In model simulation, the prominent discrepancy is that an excessive activity center appears to the south of the equator in boreal winter in each wave mode, and it is even stronger than the one to the north of the equator in boreal summer. In addition, there is a discrepancy in the seasonal peak for the Kelvin wave, which is earlier than that in observation.
Figure 6 further shows seasonal evolution of Northern Hemisphere and Southern Hemisphere mean wave activities. For the Kelvin wave, the Northern (Southern) Hemisphere mean is obtained by average from the equator to 12.5°N (°S), while for the other wave modes, it is calculated from the equator to 20°N (°S).
Figure 6. Seasonal evolution of meridional-mean wave activity for (a, e) Kelvin, (b, f) ER, (c, g) MRG, and (d, h) TD-type waves. The first and third rows are average over the Northern Hemisphere while the second and fourth rows are average over the Southern Hemisphere. The upper (lower) panels represent the observation (simulation).
The observed Kelvin wave maximizes over the central Pacific (near 180°) and South America (near 60°W) near the equator throughout the whole calendar year. The observed ER, MRG, and TD-type waves maximize over the Northwest Pacific (near 120°E) during boreal summer while over the southern Indian Ocean and the Southwest Pacific during boreal winter. Compared to the observation, the simulated results overestimate the wave activity in the Southern Hemisphere. Meanwhile, the activity of Kelvin wave over South America is underestimated.

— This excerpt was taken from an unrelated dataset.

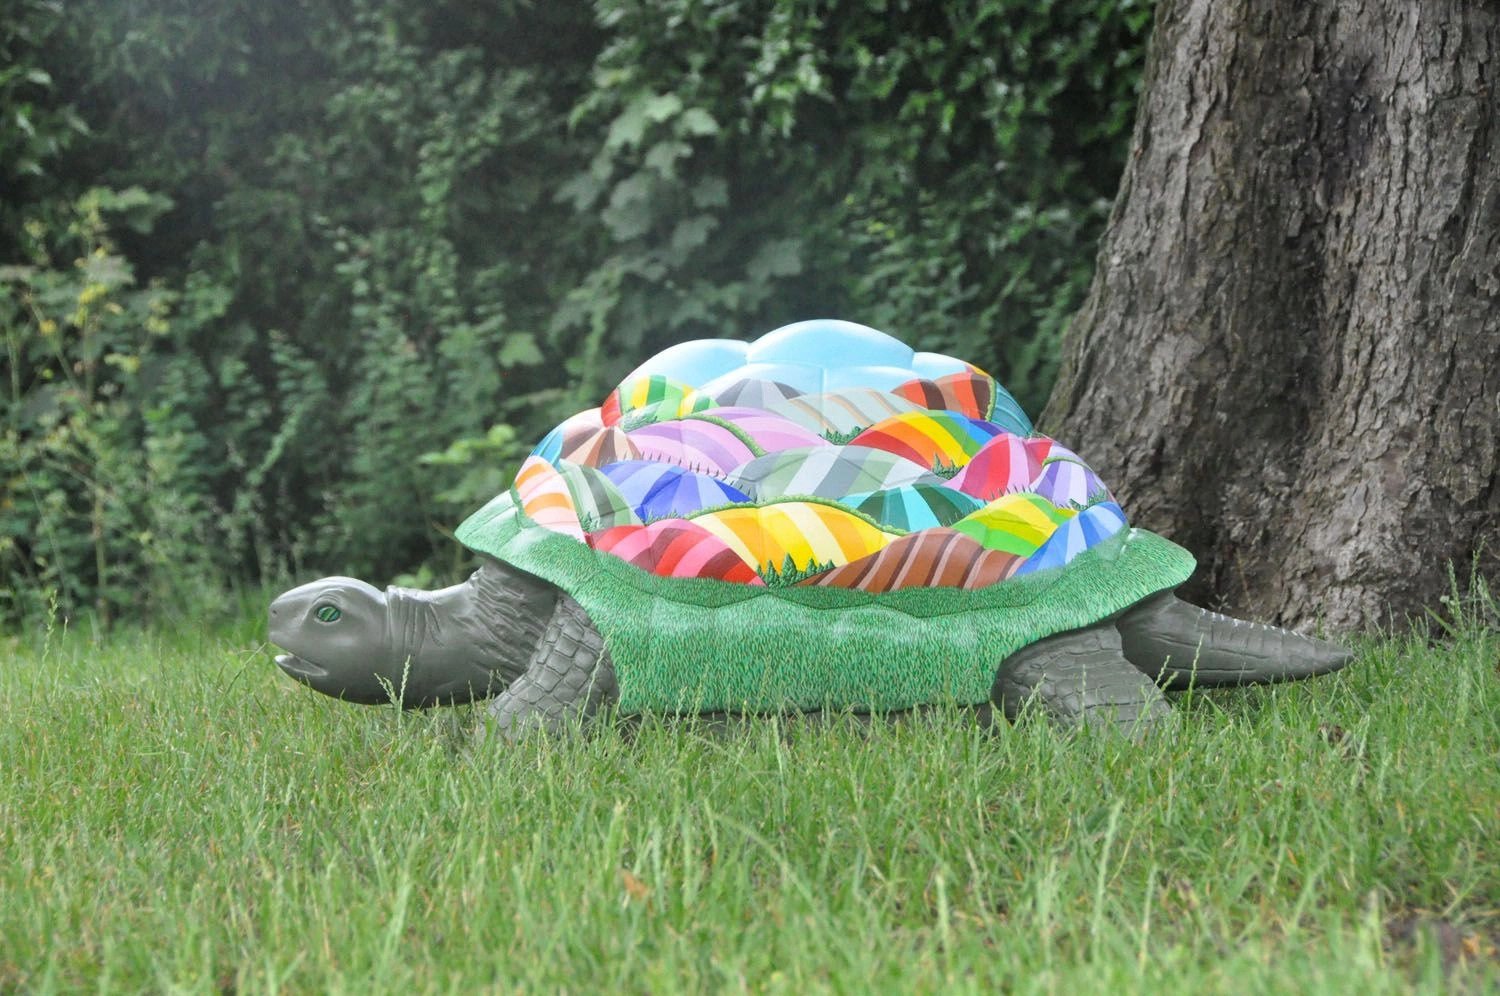 Giant Tortoise Model

The above analysis reveals a prominent bias of the model in simulating the CCEWs; that is, the simulated wave associated rainfall anomalies show excessive amplitude over the Southwest Pacific Ocean. Then, what causes the deviation of wave associated rainfall anomalies in the simulation? Wang and Li (2017) assessed the Kelvin wave associated rainfall anomalies in 20 simulations from CMIP5 historical experiment database. They found that most of the analyzed models simulate too excessive Kelvin wave–rainfall activity over the Southwest Pacific Ocean. The authors further found a significant positive correlation between the deviation of Kelvin wave associated rainfall activity and the deviation of climatological SST or precipitation among the analyzed simulations. The result indicates that warmer SST over the Southwest Pacific Ocean corresponds to more precipitation and stronger Kelvin wave activity. It is possibly because warm SST favors more convective instability and more moisture locally (Chen et al., 2015, 2019). Such an argument may apply to the other CCEW modes.
Figure 7 displays the winter and summer mean precipitation and SST in observation and simulation, respectively. As can be seen, the double-intertropical convergence zone (ITCZ) bias is clear in the simulation, especially in boreal winter, which means that the climatological rainfall is overestimated over the Southwest Pacific. The underlying SST also shows a warmer bias over the tropical Southwest Pacific. Therefore, it is probable that the bias of mean SST distribution is the reason for the bias of wave related rainfall anomaly.
Figure 7. Climatological mean precipitation (shaded, mm day−1) and SST (contours with interval of 1°C) during (a, b) boreal winter (November–April) and (c, d) boreal summer (May–October) for (a, c) observation and (b, d) simulation. The red contours represent SST of 29°C
The double-ITCZ problem is a commonly simulated deviation in tropical areas among coupled models, which does not improve significantly from CMIP3 to CMIP5 (Zhang et al., 2015). Therefore, this is a big challenge to the current coupled GCM simulations. Specifically, the simulated precipitation bias is due to the deviation of SST simulation; that is, the simulated warmer SST over the tropical Southwest Pacific results in the eastward extension of rainfall and thus leads to the emergence of the double-ITCZ. However, the explanation cannot be so simple, because the double-ITCZ deviation is a result of the interaction of the entire tropical atmosphere–ocean system (Li and Xie, 2014; Oueslati and Bellon, 2015). Further study is needed to explore the root cause of the formation of double-ITCZ so as to understand the wave associated excessive rainfall south of the equator.